American actor (born 1965)

Jeffrey Charles Wright (born December 7, 1965) is an American actor. His accolades include a British Academy Games Award, a Golden Globe Award, a Primetime Emmy Award, and a Tony Award, in addition to a nomination for an Academy Award.

Wright began his career in theater, where he gained prominence for his role in the Broadway production of Tony Kushner's Angels in America (1993), for which he won a Tony Award for Best Featured Actor in a Play. He reprised his role in the acclaimed HBO miniseries adaptation (2003), earning the Primetime Emmy Award for Outstanding Supporting Actor in a Limited Series or Movie.

His first starring film role was as Jean-Michel Basquiat in Basquiat (1996). His other notable films include Syriana (2005), Lady in the Water (2006), Cadillac Records (2008), The Ides of March (2011), and Rustin (2023). He has also acted in the Wes Anderson films The French Dispatch (2021), Asteroid City (2023) and The Phoenician Scheme (2025), and has played Peoples Hernandez in Shaft (2000), Felix Leiter in the James Bond films Casino Royale (2006), Quantum of Solace (2008), and No Time to Die (2021), Beetee Latier in The Hunger Games films, and Jim Gordon in The Batman (2022). He received a nomination for the Academy Award for Best Actor for his performance in American Fiction (2023).

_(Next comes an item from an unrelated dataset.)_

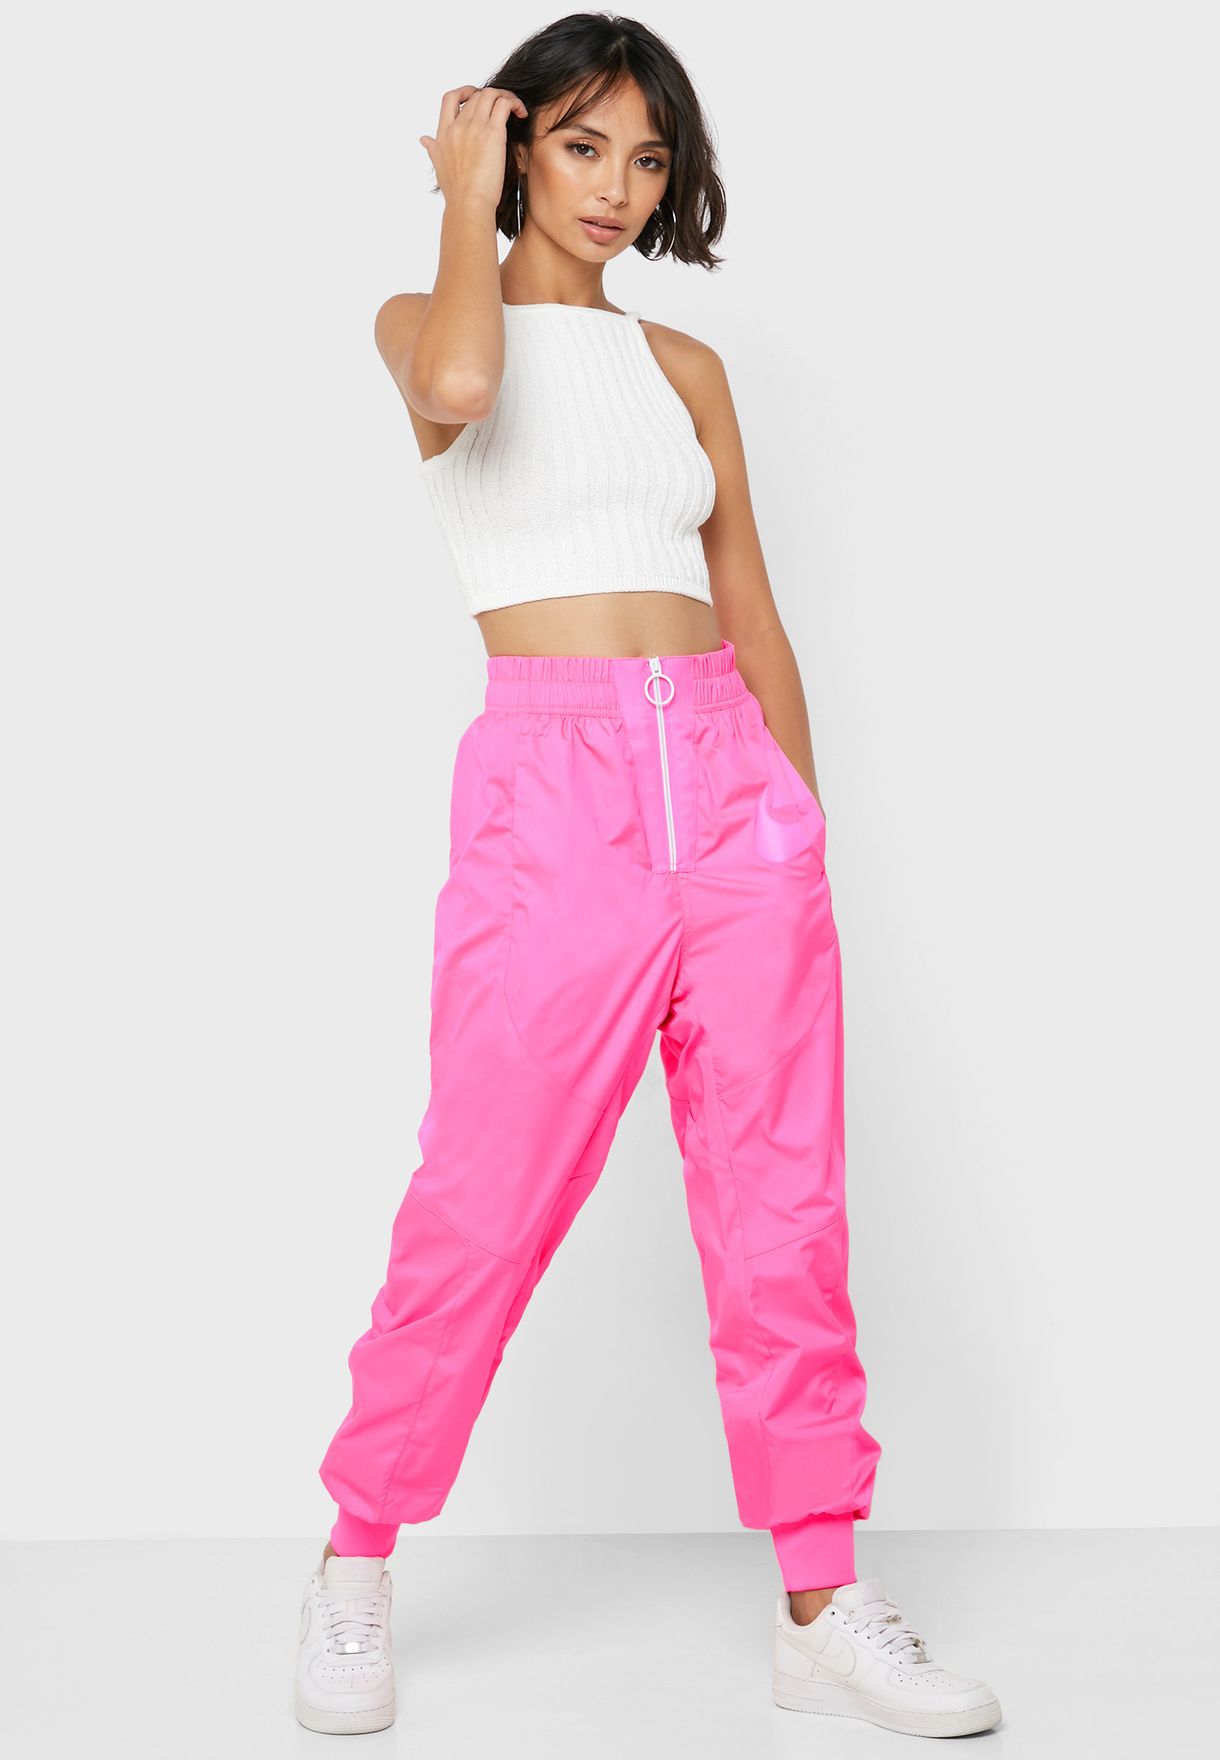 nike high waisted pink cargo pants
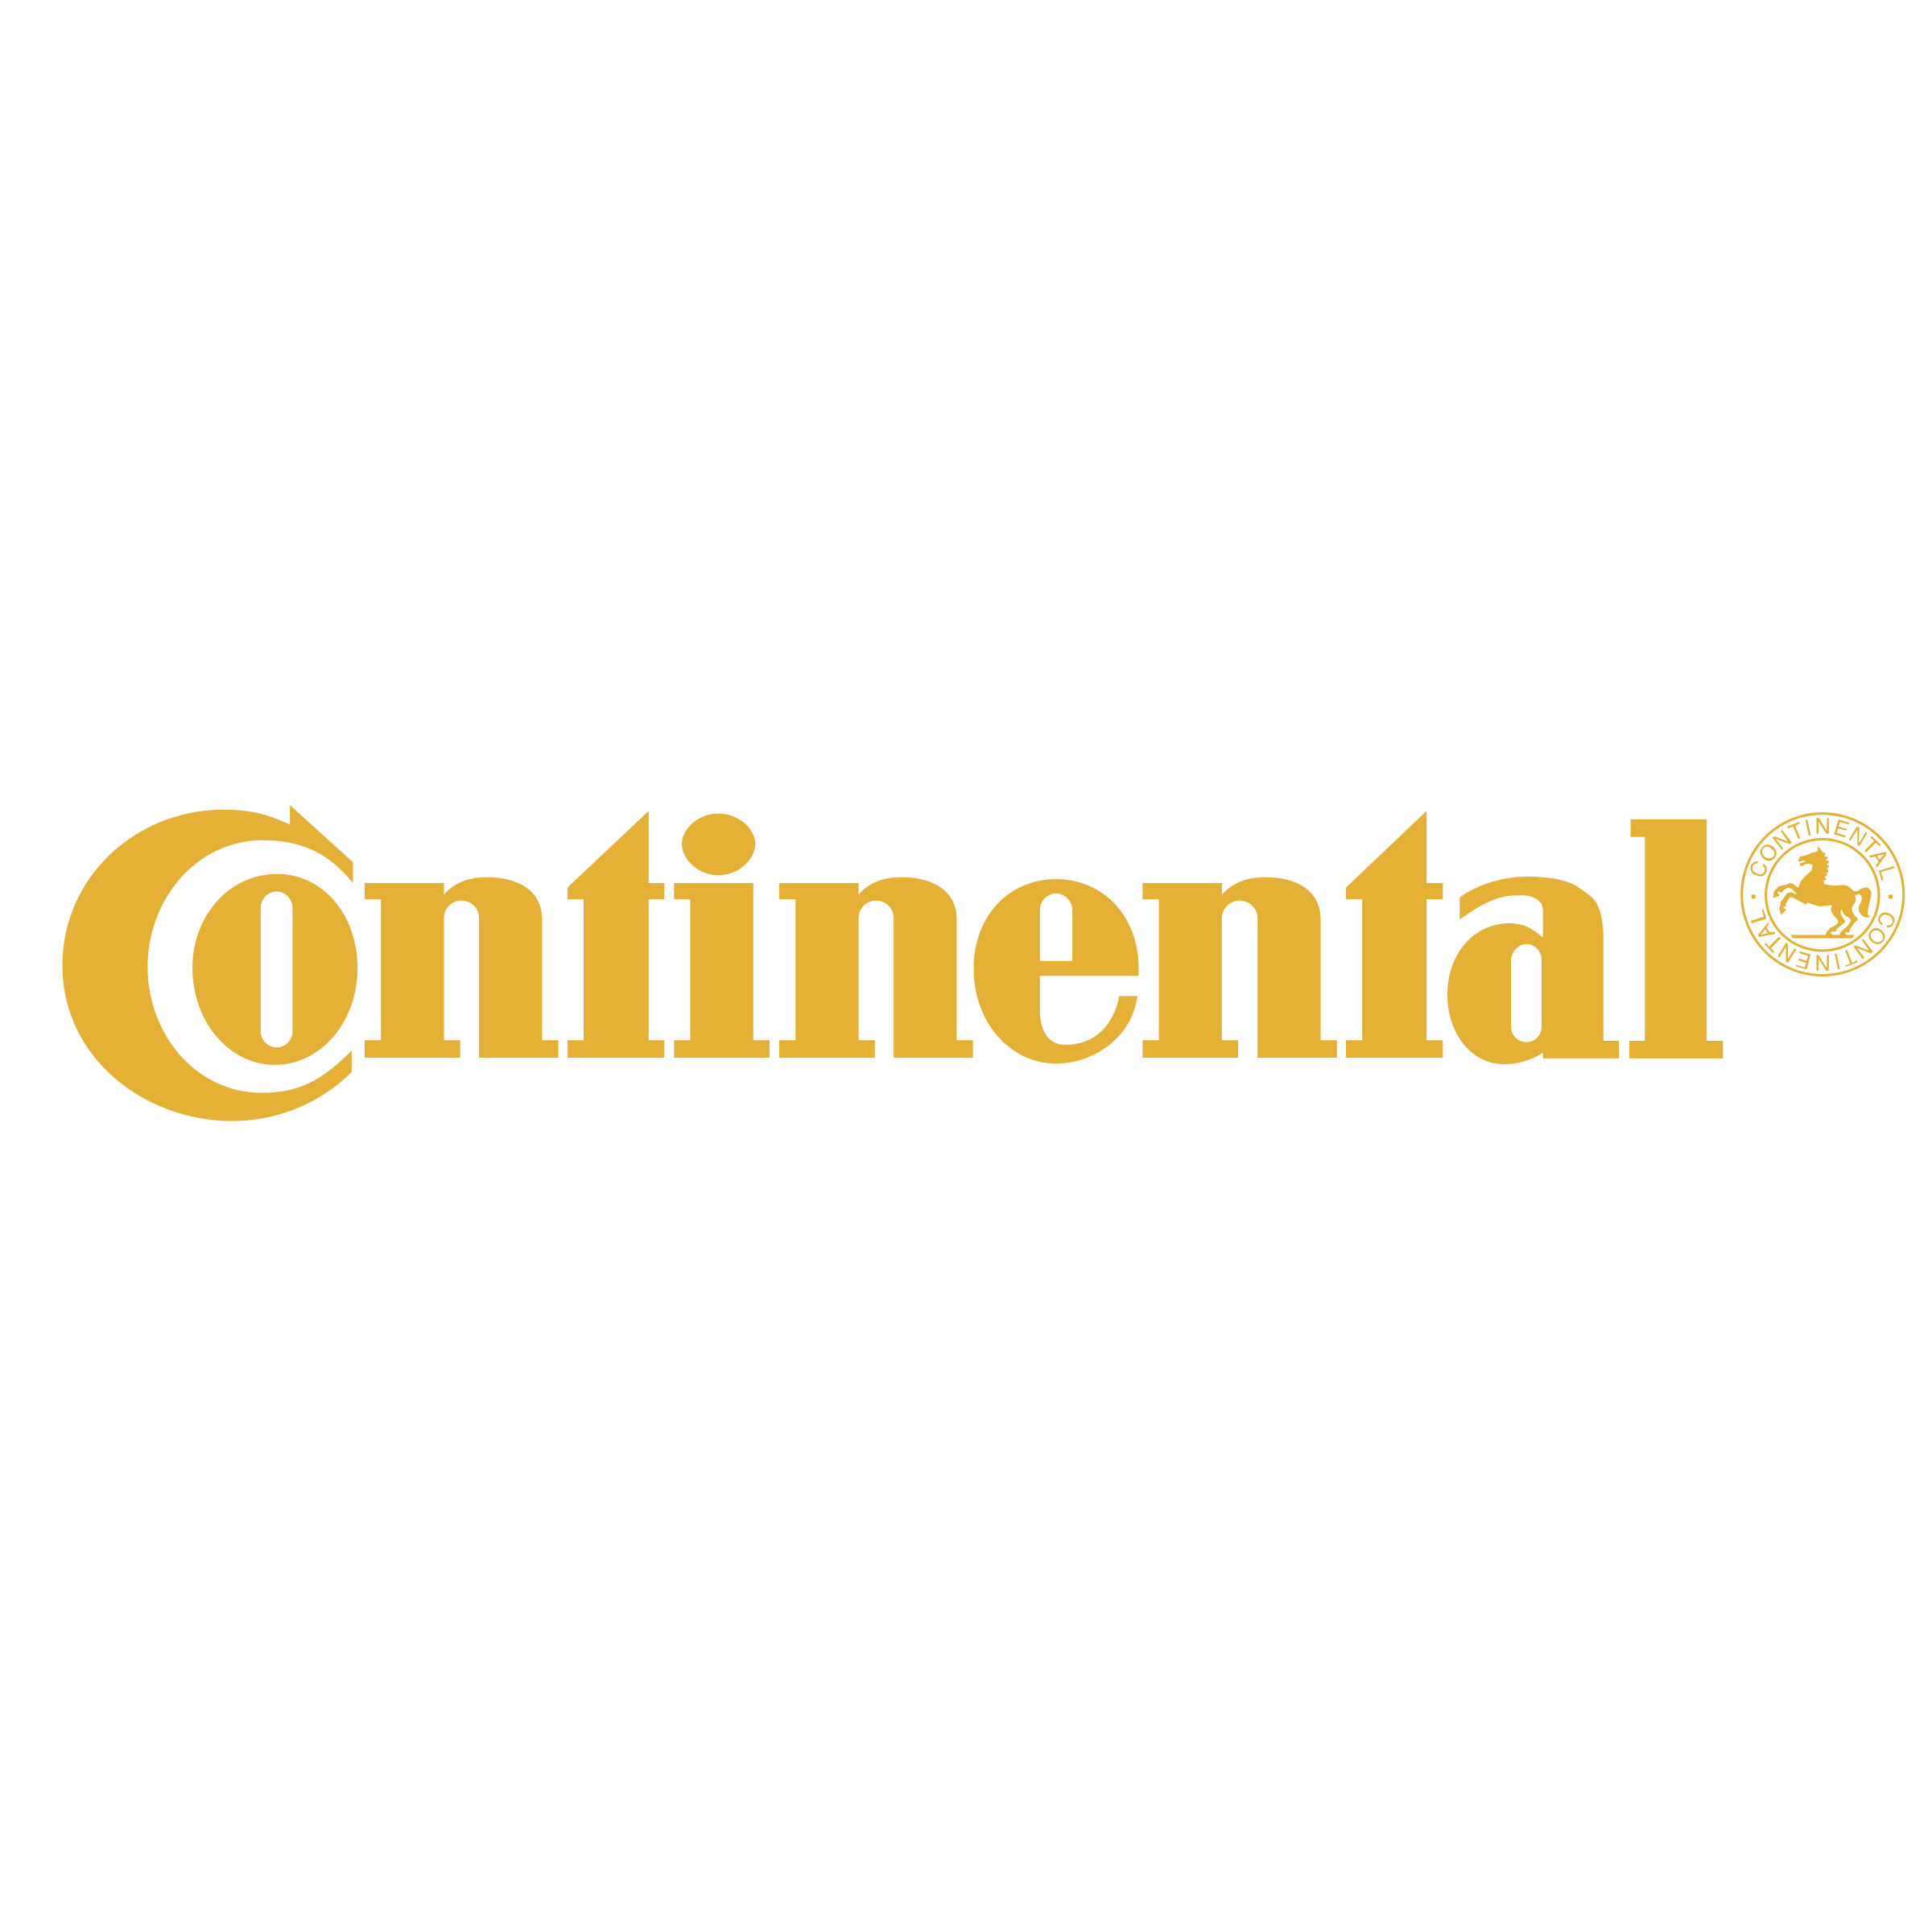 Continental Logo PNG - 179699

Wright earned acclaim for his role as Valentin Narcisse in the HBO series Boardwalk Empire (2013–2014) and robot programmer Bernard Lowe in the HBO series Westworld (2016–2022), the latter of which earned him three Primetime Emmy Award nominations. He also appeared as Isaac Dixon in the video game The Last of Us Part II (2020) and the Watcher in the Marvel Cinematic Universe (MCU) beginning with the Disney+ animated series What If...? (2021–2024). In 2025, he voiced the character Chase in the superhero comedy video game Dispatch and reprised his role as Isaac Dixon in the second season of the HBO series adaptation of The Last of Us (2025–present). For the former, he won the British Academy Games Award for Performer in a Supporting Role.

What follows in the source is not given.